World Highlights

¤ European allies of the United States said they were satisfied with new assurances by Secretary of State Condoleezza Rice that US treatment of detainees was within international law. ¤ Egypt's opposition Islamists increased their seats in Parliament...

¤ European allies of the United States said they were satisfied with new assurances by Secretary of State Condoleezza Rice that US treatment of detainees was within international law.

¤ Egypt's opposition Islamists increased their seats in Parliament nearly sixfold after an election marred by violence, but President Hosni Mubarak's party retained a big majority, official results showed.

¤ Kenyan President Mwai Kibaki's bid to boost his flagging administration foundered as two senior politicians rejected Cabinet posts, saying he had ignored the lessons of a stinging referendum defeat.

¤ Israel killed two militants in a Gaza air strike in an escalating military response to a suicide bombing, and a Palestinian stabbed an Israeli soldier to death at a checkpoint in the occupied West Bank.

¤ A woman farmer from China's northeastern Liaoning province has been diagnosed with bird flu, the fifth person in the country known to have been infected with the deadly virus.

¤ Eight Muslim militants were killed in a clash between Syrian security forces and an Islamist group in a farm in central Syria yesterday, the state news agency SANA reported.

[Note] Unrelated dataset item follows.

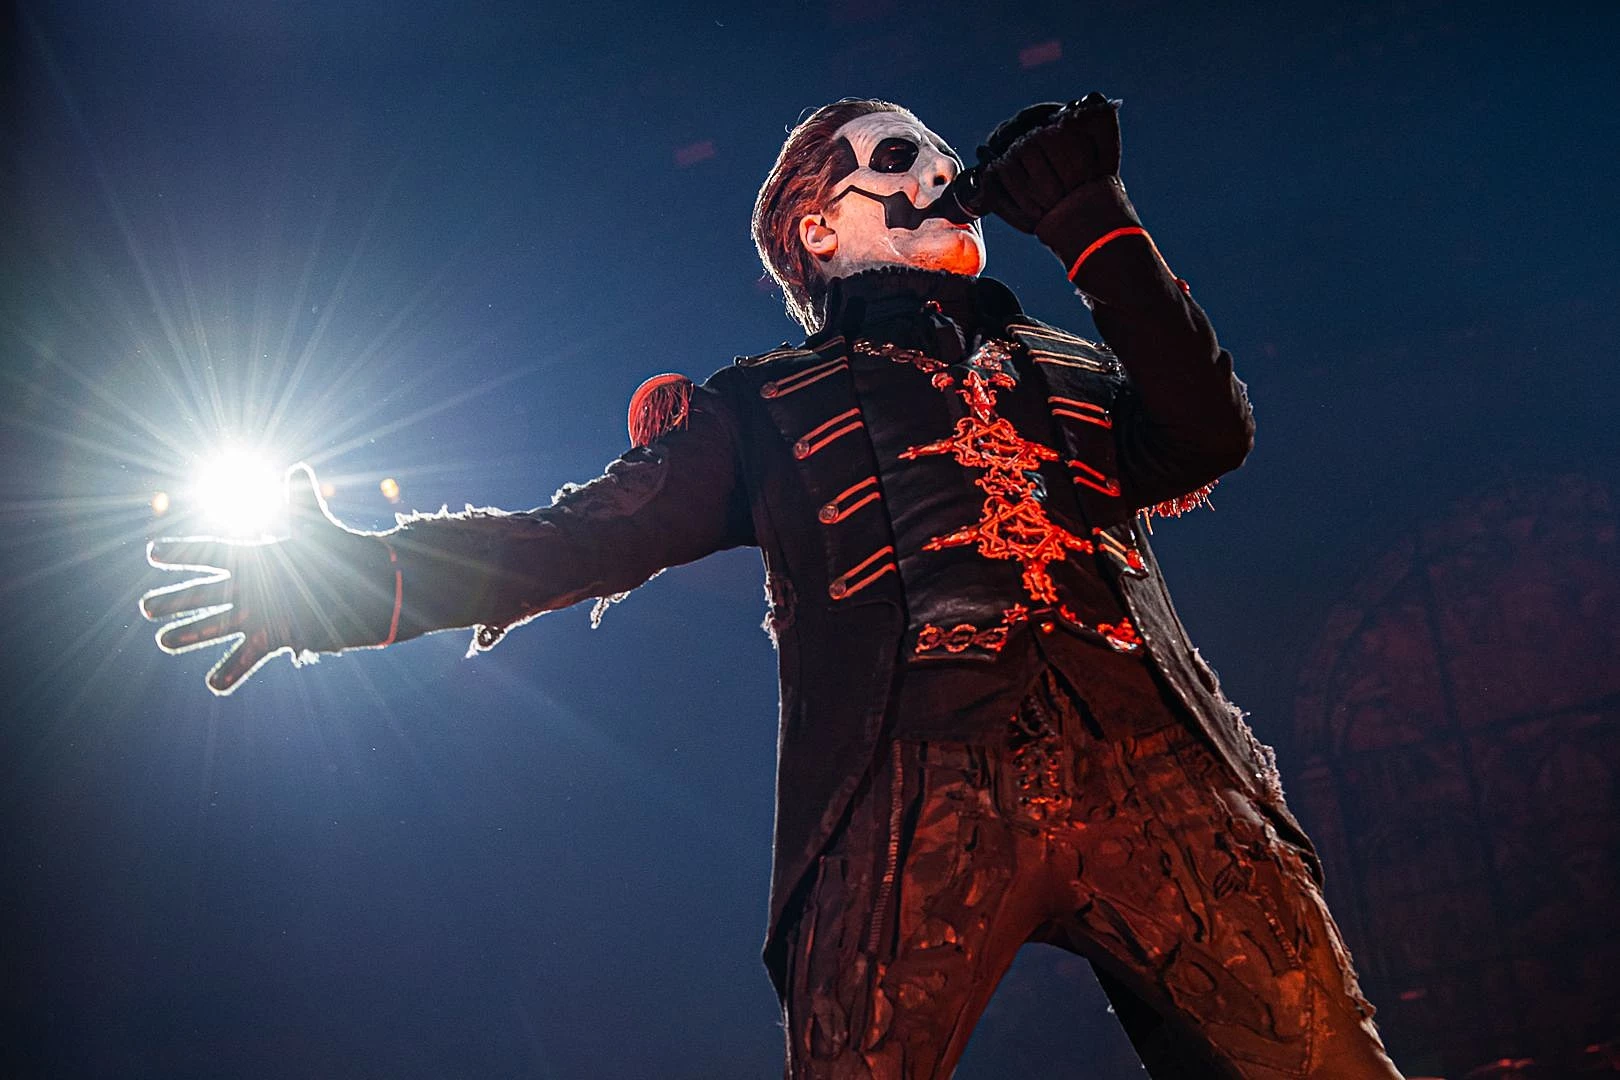 Swedish rockers Ghost announce tour, Milwaukee stop, with Amon Amarth

¤ The two federal air marshals involved in the deadly shooting of a threatening air passenger in Miami have been put on administrative leave pending investigation of the incident, officials said.

¤ Environment ministers at UN climate talks have agreed rules for policing the Kyoto Protocol on curbing global warming, skirting objections by Saudi Arabia, delegates said.

¤ The International Monetary Fund yesterday approved a $4.8 billion package to cancel the debts of 20 of the world's poorest countries early next year under a plan launched in June by the Group of Eight major industrialised nations.

¤ Gas explosion at Chinese coal pit killed at least 74 miners, the latest in a grimly predictable series of statistics to emerge from world's deadliest mining industry.